Чудачество горемыки-статистика получает, таким образом, полновесную нагрузку философии Камю, больше того – это заостренное до предела толкование писателем усилий оранского Сопротивления. Победа над чумой столь же неизменно ускользает из рук врачей и администрации, как Грану не дастся победа над непокорным словом. Доктор и его друзья напоминают нынешних онкологов: они ставят диагноз, принимают необходимые меры, оказывают известную помощь, но почти вслепую, не рассчитывая на успех, поскольку истоки болезни, самый механизм ее протекания им неведомы. С той только разницей, что борцы против рака продолжают упорно искать, убежденные в силе знания, врачи же в «Чуме» заранее согласились, что у болезни, косящей оранцев, тайны все равно не вырвать. Бациллы заразы исследуют в лаборатории, на основе полученных данных изготовляют сыворотку, но никто не может сказать, удалось ли установить истину, действенно ли лекарство. «По правде говоря, трудно было судить, идет ли речь о победе, – размышляет Риё, когда начинают поступать первые сообщения о выздоровлениях. – Следовало лишь отметить, что болезнь будто бы уходила так же, как она раньше пришла. Стратегия, которую ей противопоставили, не изменилась, но еще вчера она не приносила никаких плодов, сегодня же, по-видимому, оказывалась успешной. Создавалось впечатление, что болезнь иссякала сама собой или, быть может, отступала, достигнув своих целей» (I, 1438–1439).

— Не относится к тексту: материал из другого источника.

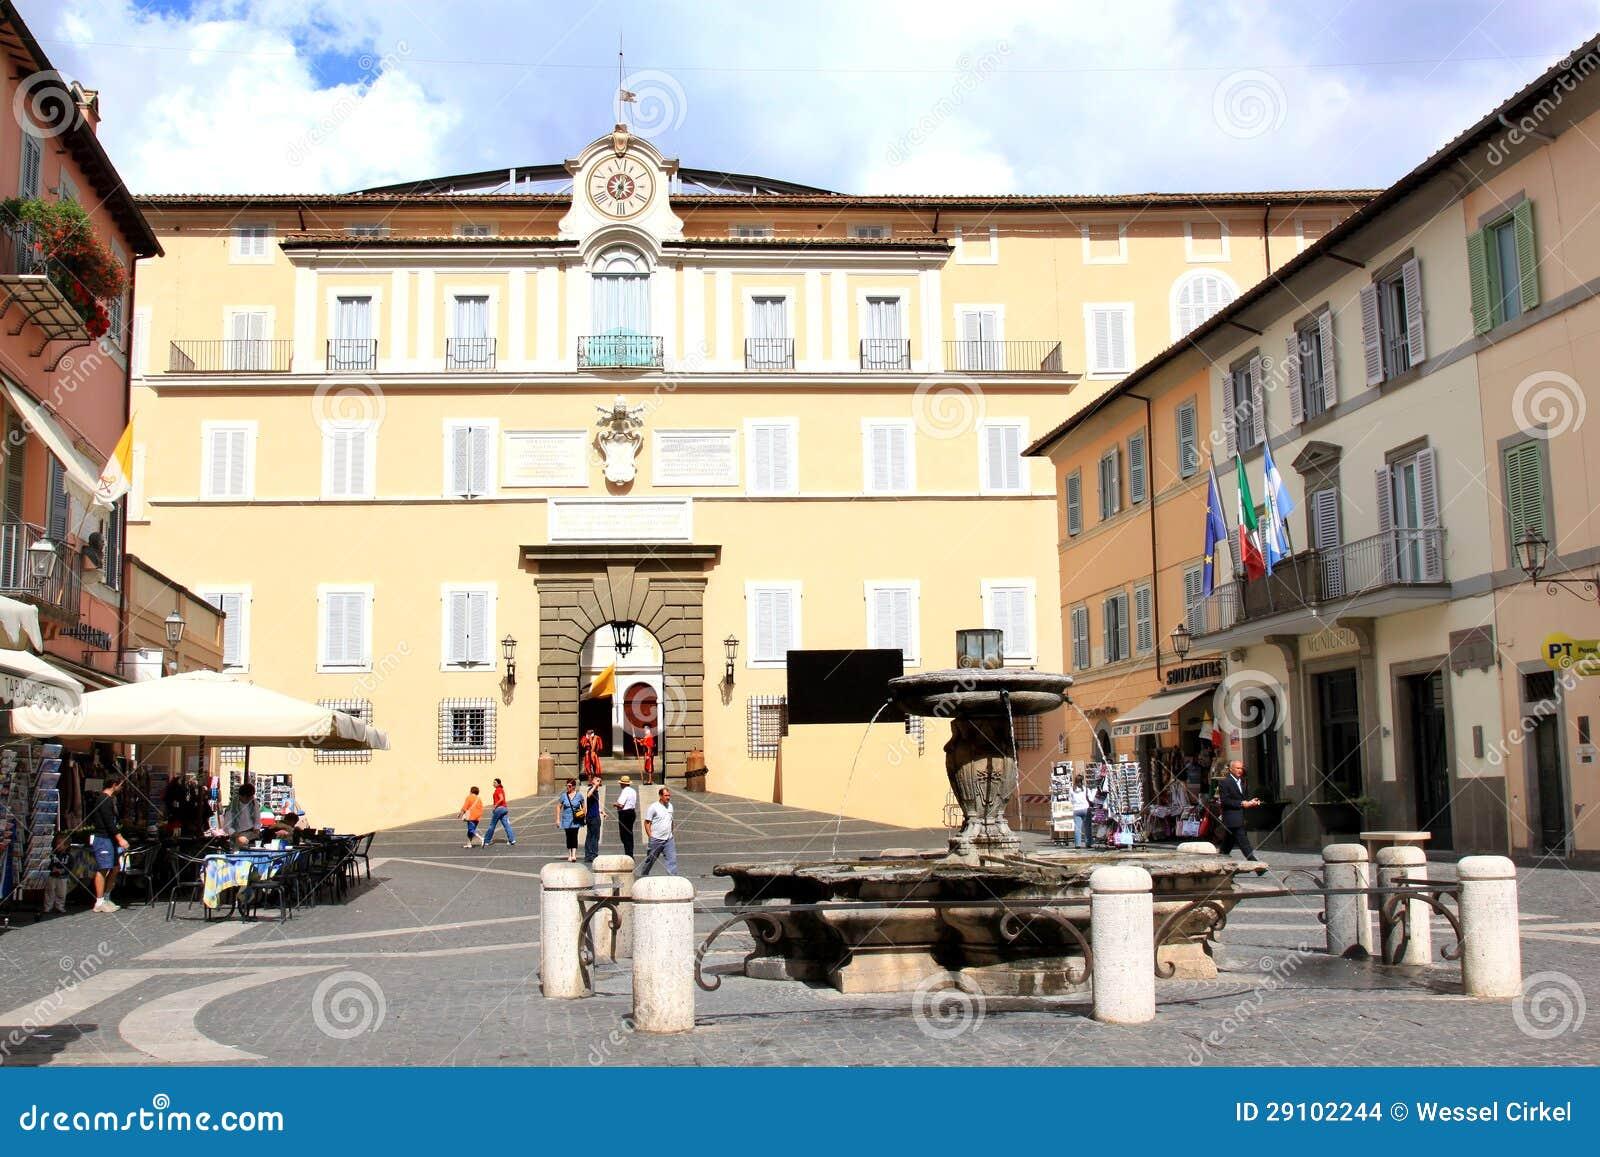 summer residence of pope  castel gandolfo  italy editorial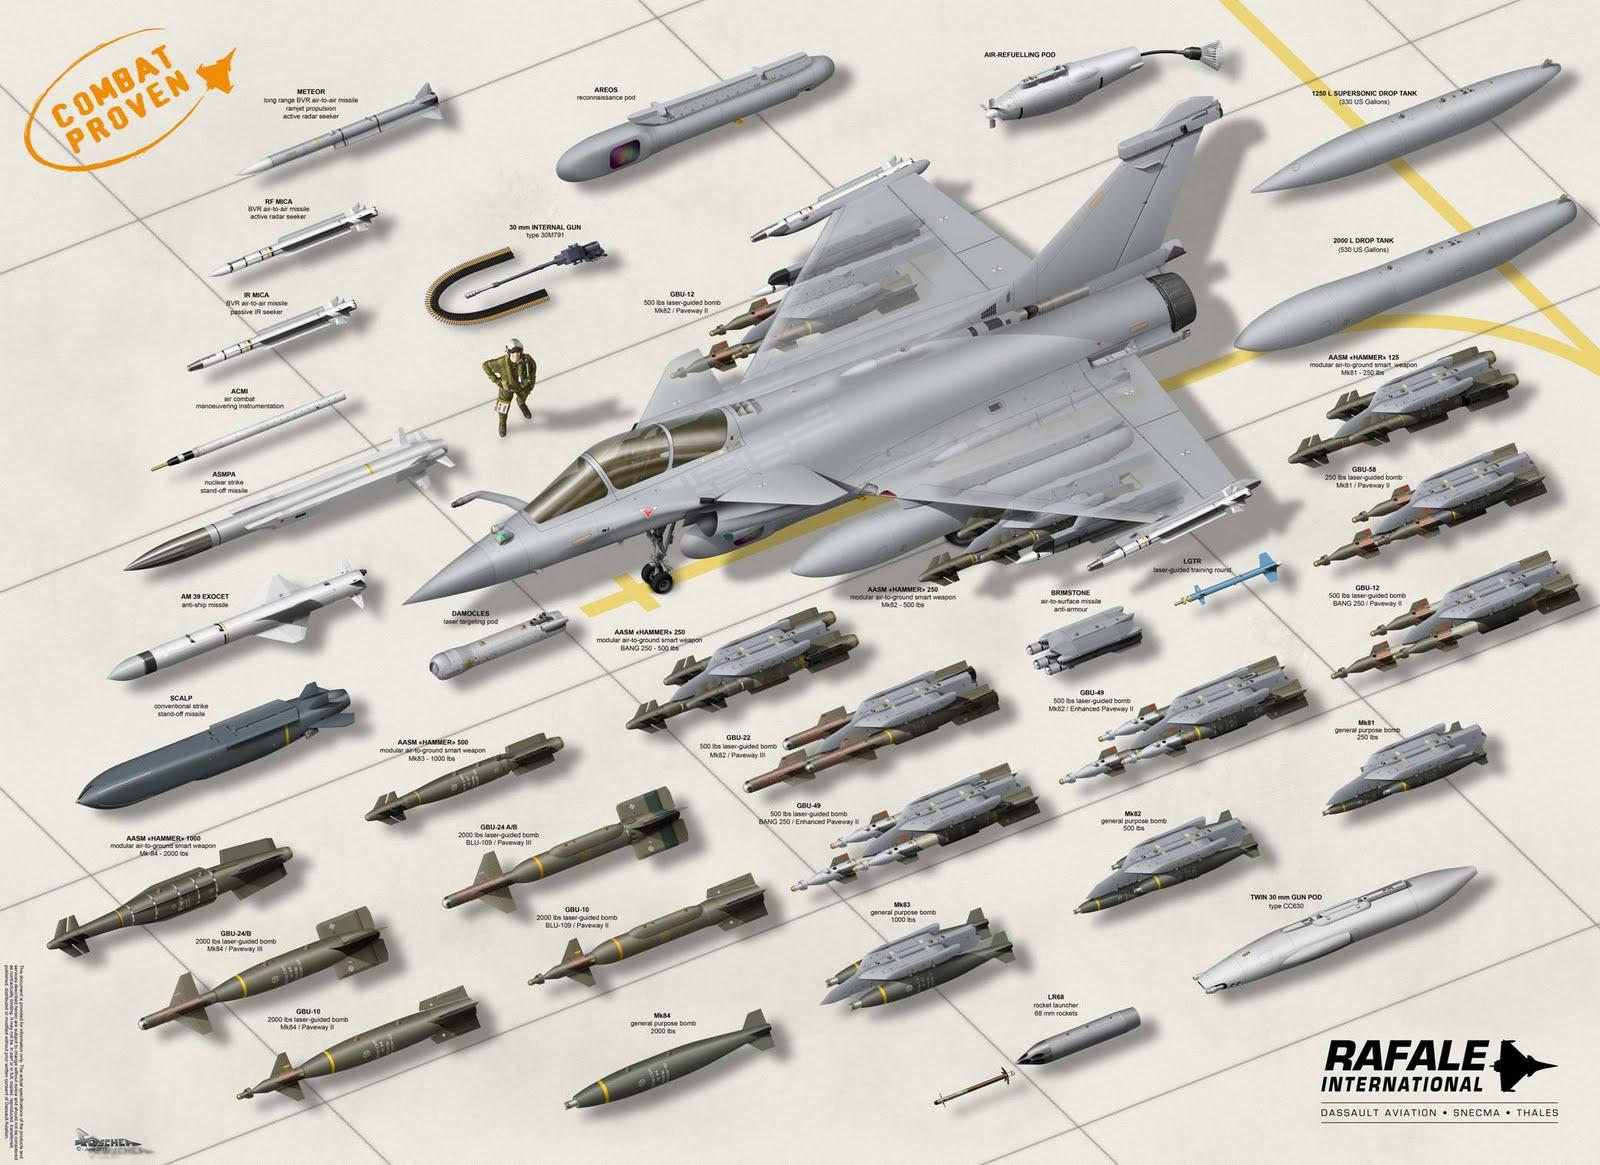 مصر قد تحصل على 2 FREMM وحوالي 23 إلى 26 مقاتلة رافال  - صفحة 2 Rafaleposter

В таких условиях предотвратить чуму, а тем более искоренить ее никому не под силу; всякое лечение обречено быть лечением наугад. С горечью созерцая, как волны эпидемии уносят самых близких, живые, подобно доктору Риё у трупа его друга Тару, «остаются на берегу с пустыми руками и сокрушенным сердцем, еще и еще раз безоружными и беспомощными против этой беды» (I, 1455). А чудовище-чума так и пребывает неуязвимым, просто оно устало, истощило запас злобы и вновь заползает в свое неведомое логово, дав жертвам передышку до следующего раза. И всем трудам Риё и его друзей суждено, выходит, во веки веков завершаться очередным поражением, без надежды на победу.